By the identical token, followers of his work shall be conversant in how “The Historical past of Concrete” seems askew at its hero characters with out ever trying down on them. And no hero character in any of Wilson’s earlier stuff performs a bigger position than part-time rock-and-roller Jack Macco, who Wilson meets when the man is handing out free tequila samples at a liquor retailer. Whereas Macco is an plain eccentric, and there’s one thing somewhat unhappy in regards to the empty bar gigs he performs alongside the Jersey shore (a unhappiness made that a lot stronger by his bandmates’ refusal to rehearse), he steadily involves embody the core fact on the coronary heart of Wilson’s work: There’s extra to everyone than meets the attention.
It isn’t lengthy earlier than Macco’s set checklist — a cautious negotiation between originals and covers — erupts into an existential dilemma over the push-and-pull between creation and inertia, which in flip results in a wildly surprising private revelation that confronts us with a universe of latest potentialities concurrently it deliver the movie again to its nucleus of grief.
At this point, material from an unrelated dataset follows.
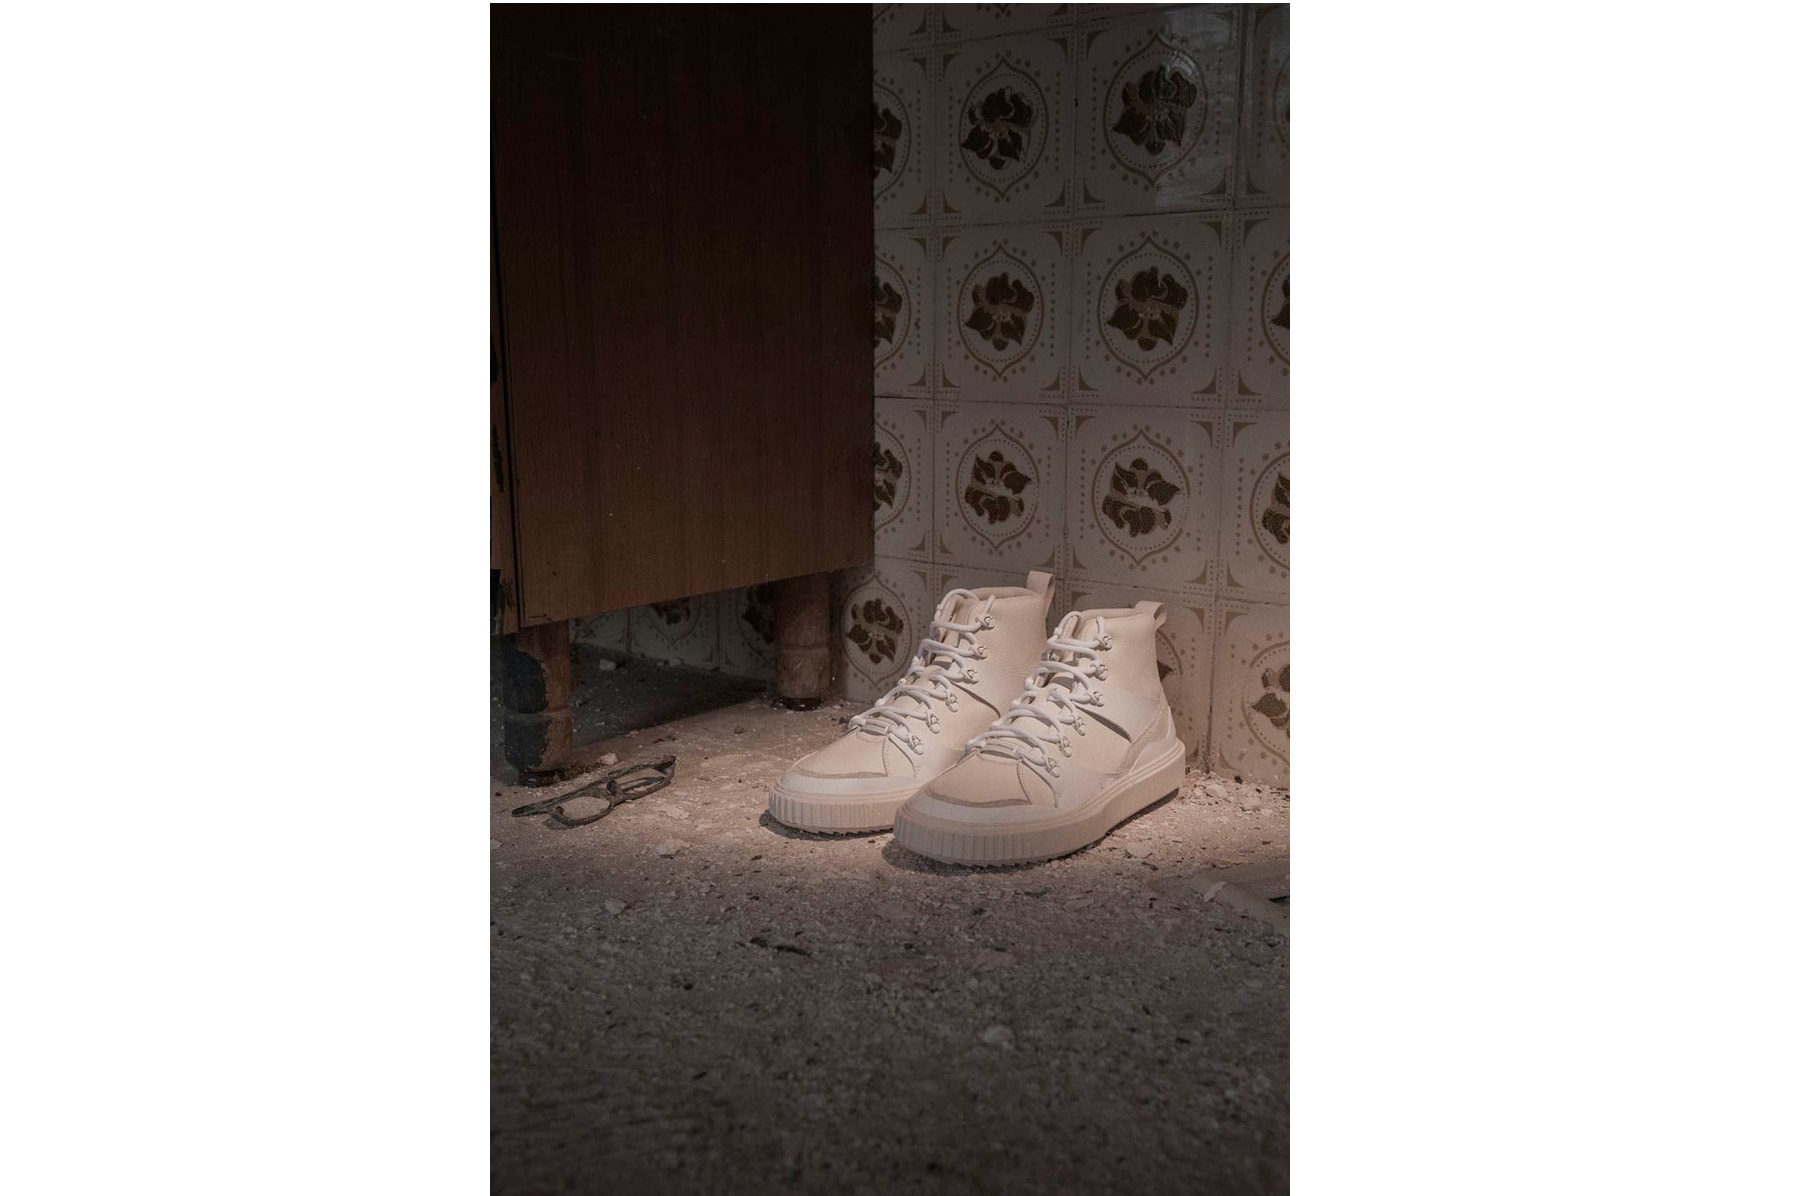 Han Kjøbenhavn x PUMA “Inside-Out” Collection release lookbook sneakers apparel jackets hats Avid HAN Breaker Mid HAN Trailfox Disc HAN Basket HAN

That circularity is a defining staple of how Wilson has at all times formed his imaginative and prescient of the world, and, maybe much more than the filmmaker’s signature aesthetic, is the factor about this film that may engender the sensation that he’s merely repeating himself with an extended working time.
I don’t assume Wilson would deny that. Quite the opposite, “The Historical past of Concrete” provides a characteristically roundabout argument for the rewards of sticking to a system (it entails a visit to the Canadian warehouse the place they shoot all of Hallmark’s Christmas films). A system imposes consolation upon chaos. That consolation will be manufactured, even inauthentic, however everybody must make their very own sense of this cruel world in the event that they need to take pleasure in dwelling in it.
For a sure demographic of wine-drunk ladies, a level of peace with their smallness within the universe will be discovered within the divine predictability of watching somebody transfer again to their lovable hometown for the vacations, save a home from a grinchy banker, and share a kiss with a ChatGPT-created hunk below the mistletoe. John Wilson finds the identical from stringing “random” issues collectively till life itself begins to resemble a wildly weird — and oddly soothing — proof board within the case he’s constructing towards meaninglessness.
Humanity has lengthy regarded the shortage of a grand design as an invite to create their very own, and also you don’t must imagine within the connections that Wilson makes in “The Historical past of Concrete” to understand how the act of constructing them retains the world from crumbling round him, and permits him to make his personal form of peace with the truth that it is going to some day. If possibly not for one more 40 years.
Grade: A-
“The Historical past of Concrete” premiered on the 2026 Sundance Movie Competition. It’s at present searching for U.S. distribution.